Start of DATA EXCERPT

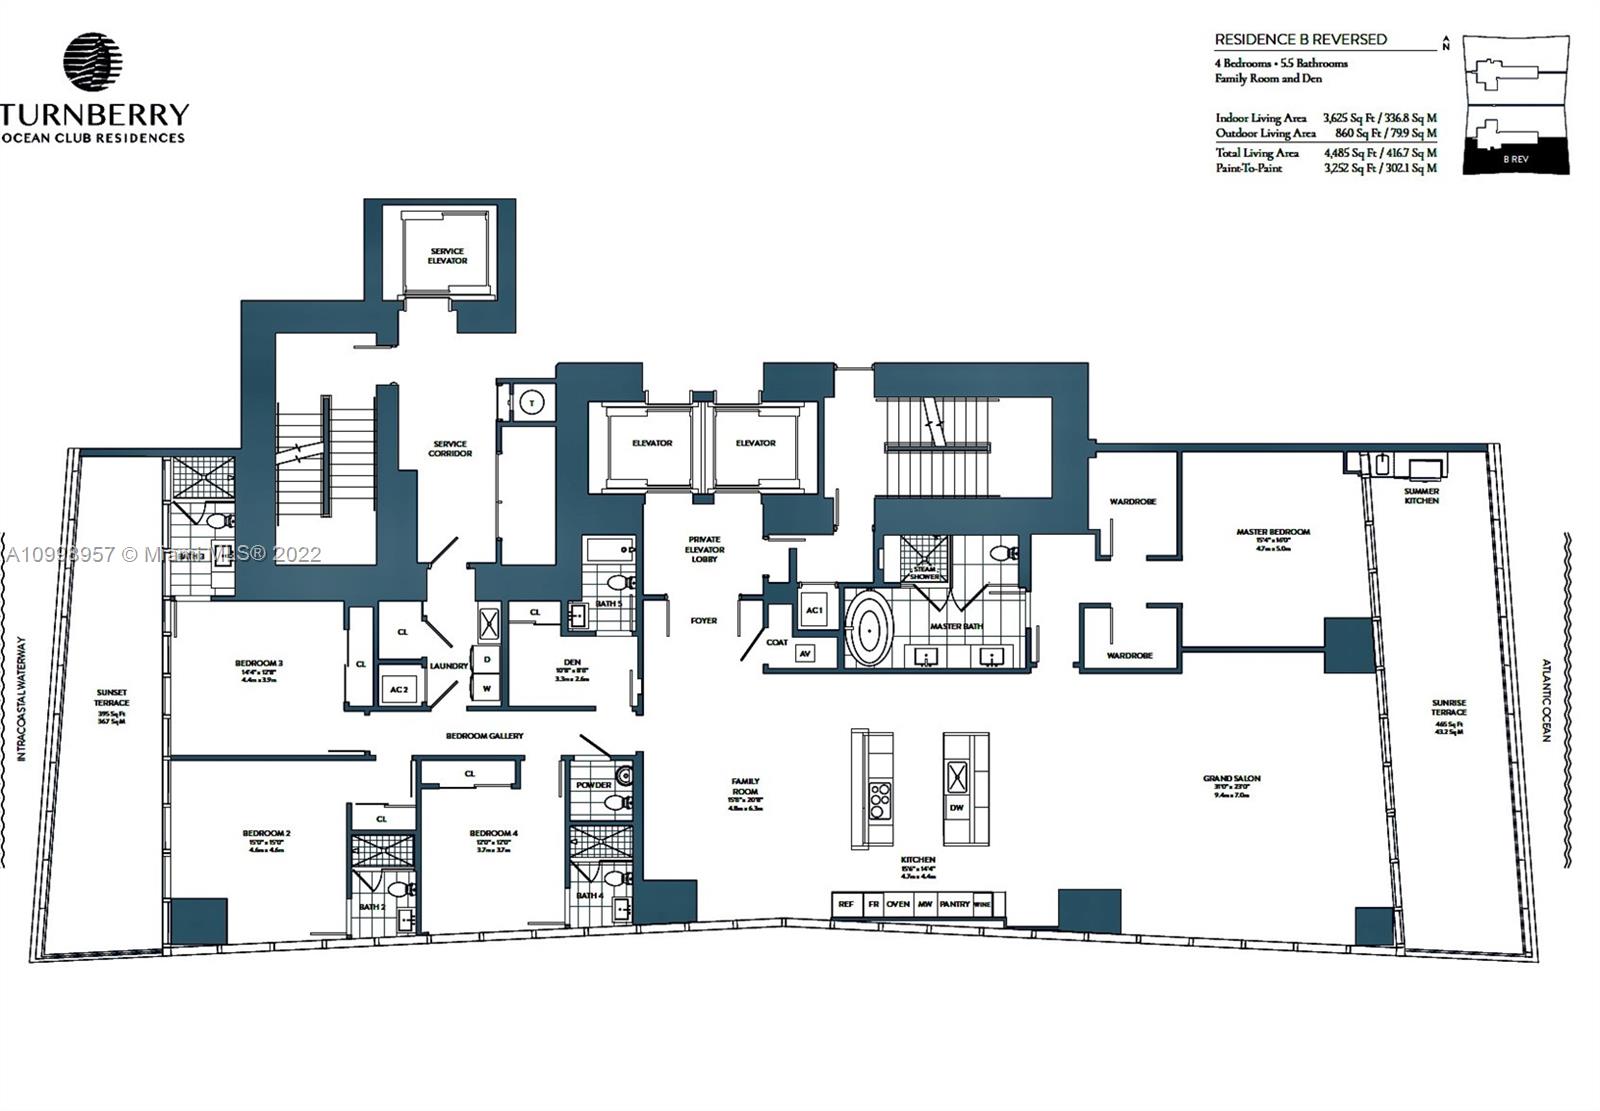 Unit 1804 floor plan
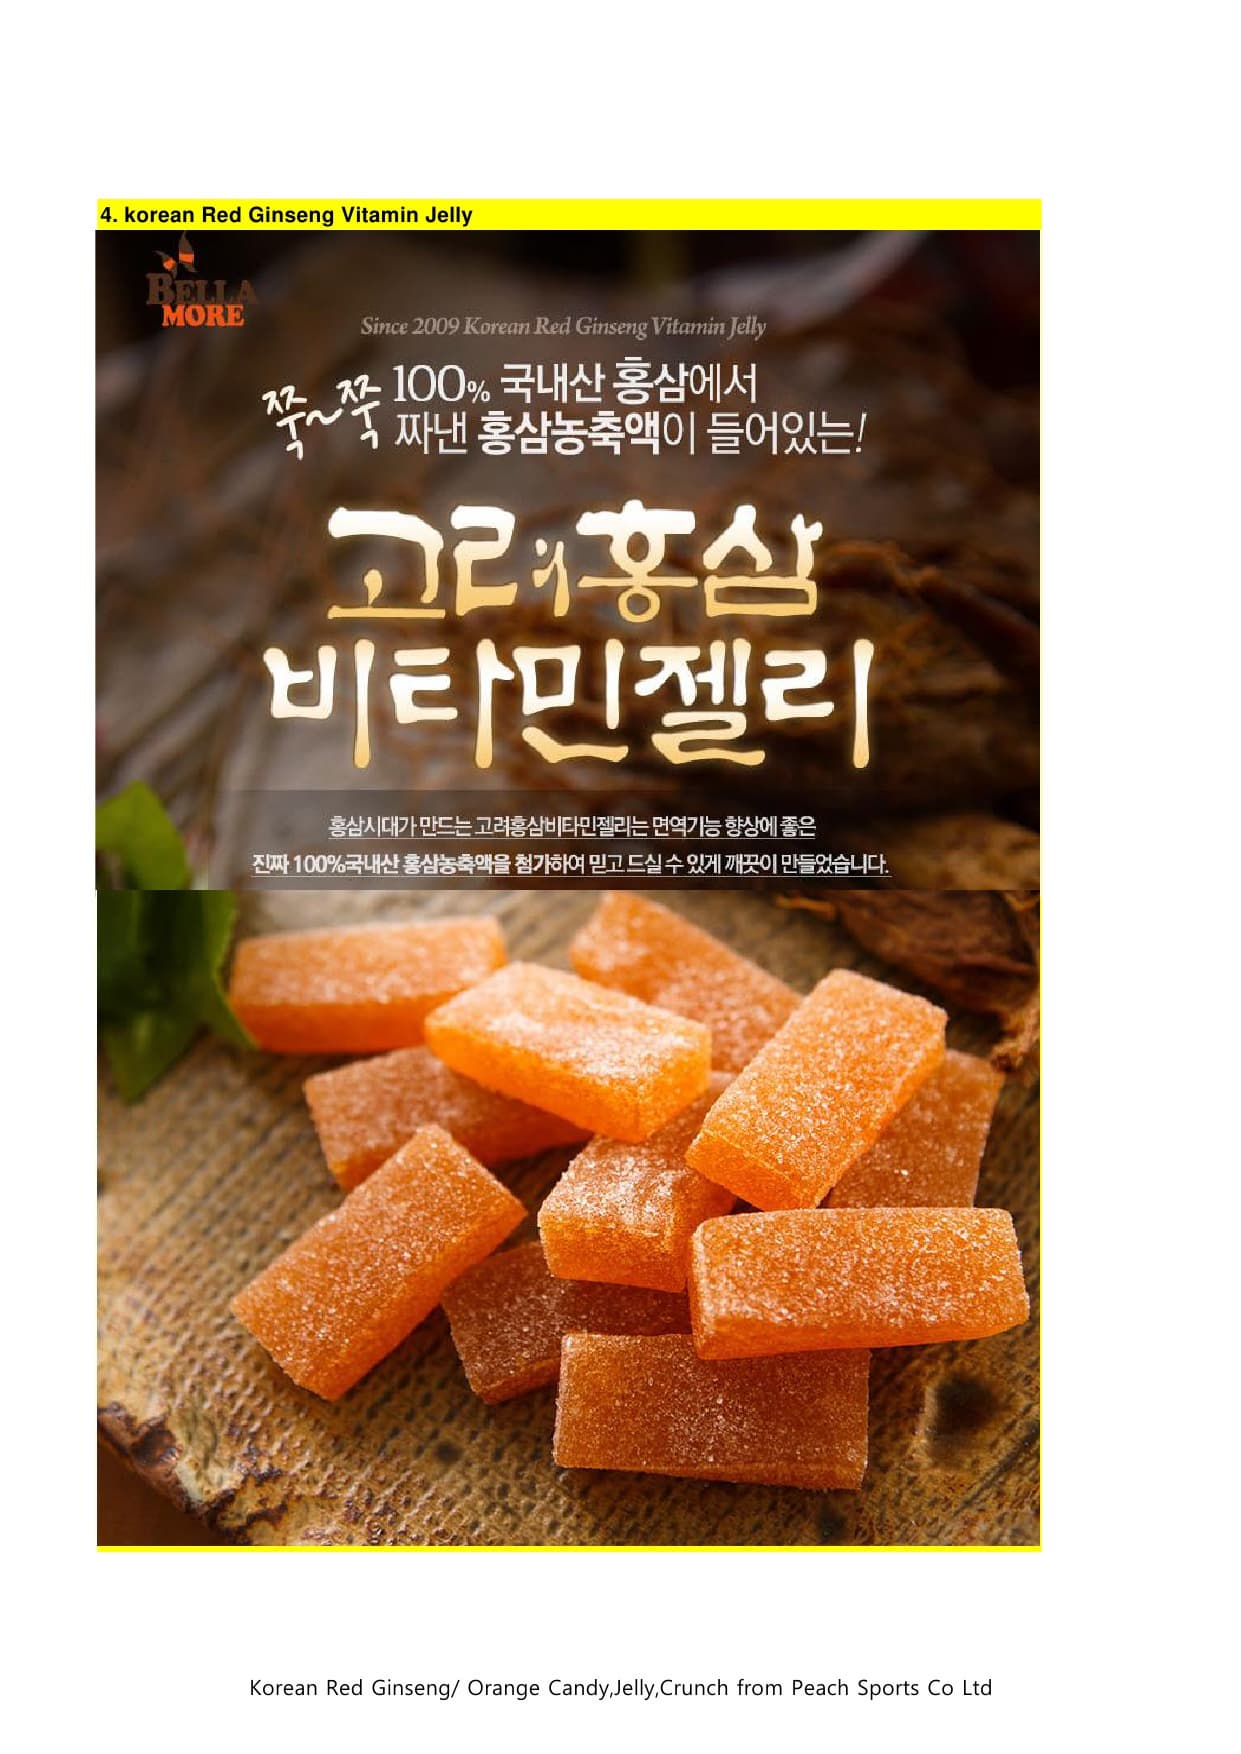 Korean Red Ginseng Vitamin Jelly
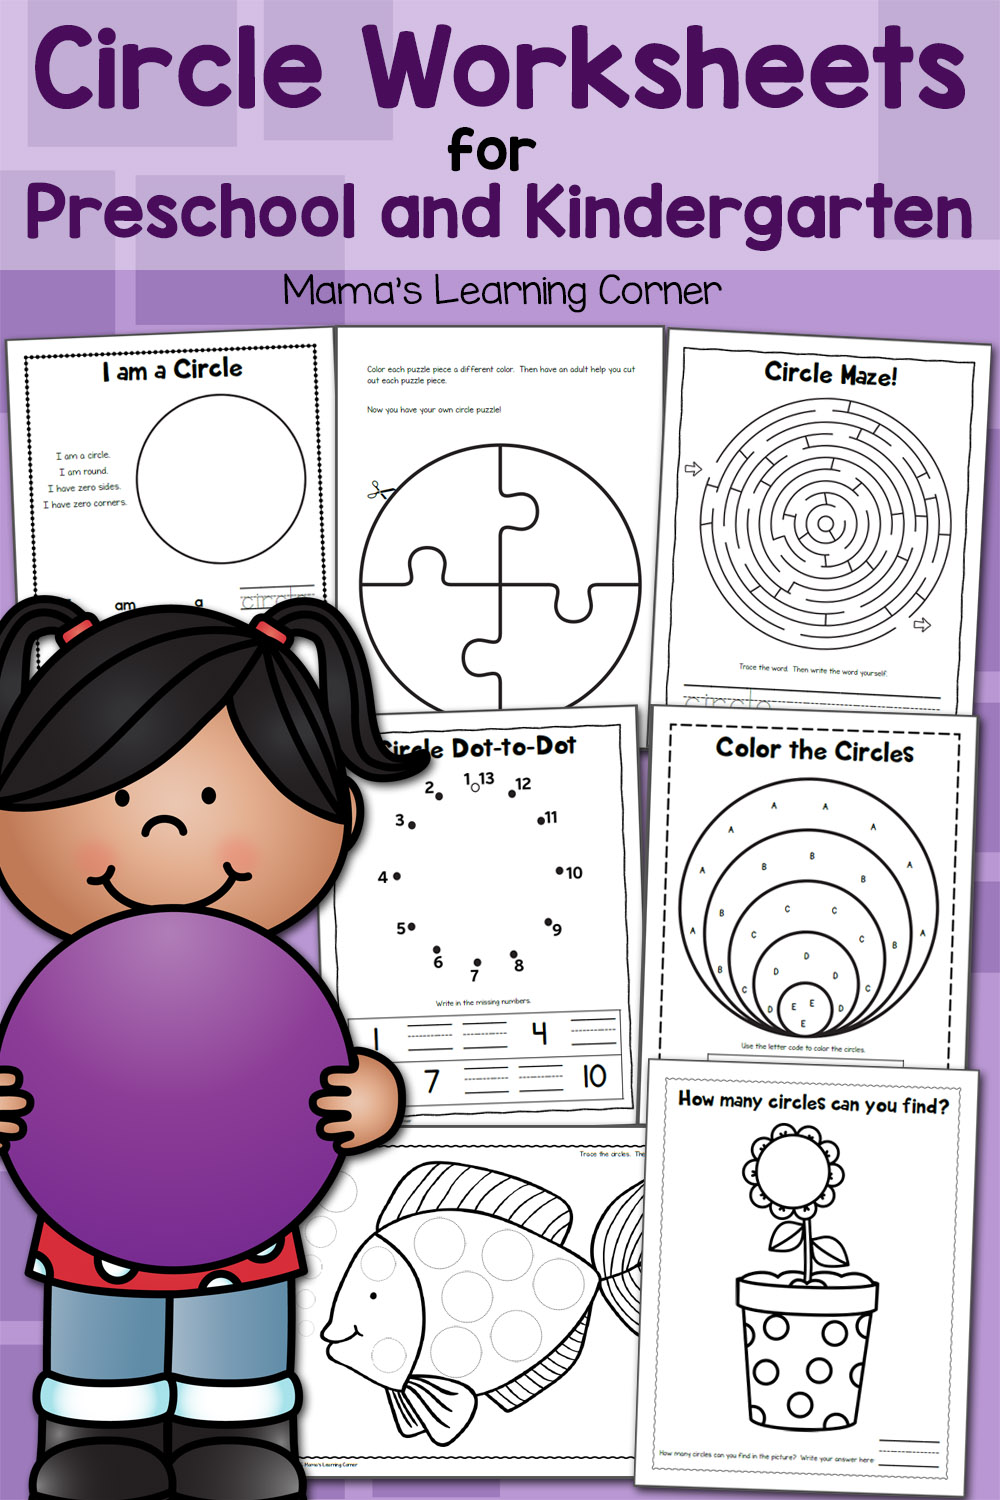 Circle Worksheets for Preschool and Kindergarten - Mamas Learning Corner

End of DATA EXCERPT

-- WHAT TO DO --
Copy verbatim the span that begins at the line containing "Korean Red Ginseng Vitamin Jelly" and ends at the last line of the material, inclusive of both; exclude pictures.

-- EXERCISE RESPONSE --
 Korean Red Ginseng Vitamin Jelly
 Circle Worksheets for Preschool and Kindergarten - Mamas Learning Corner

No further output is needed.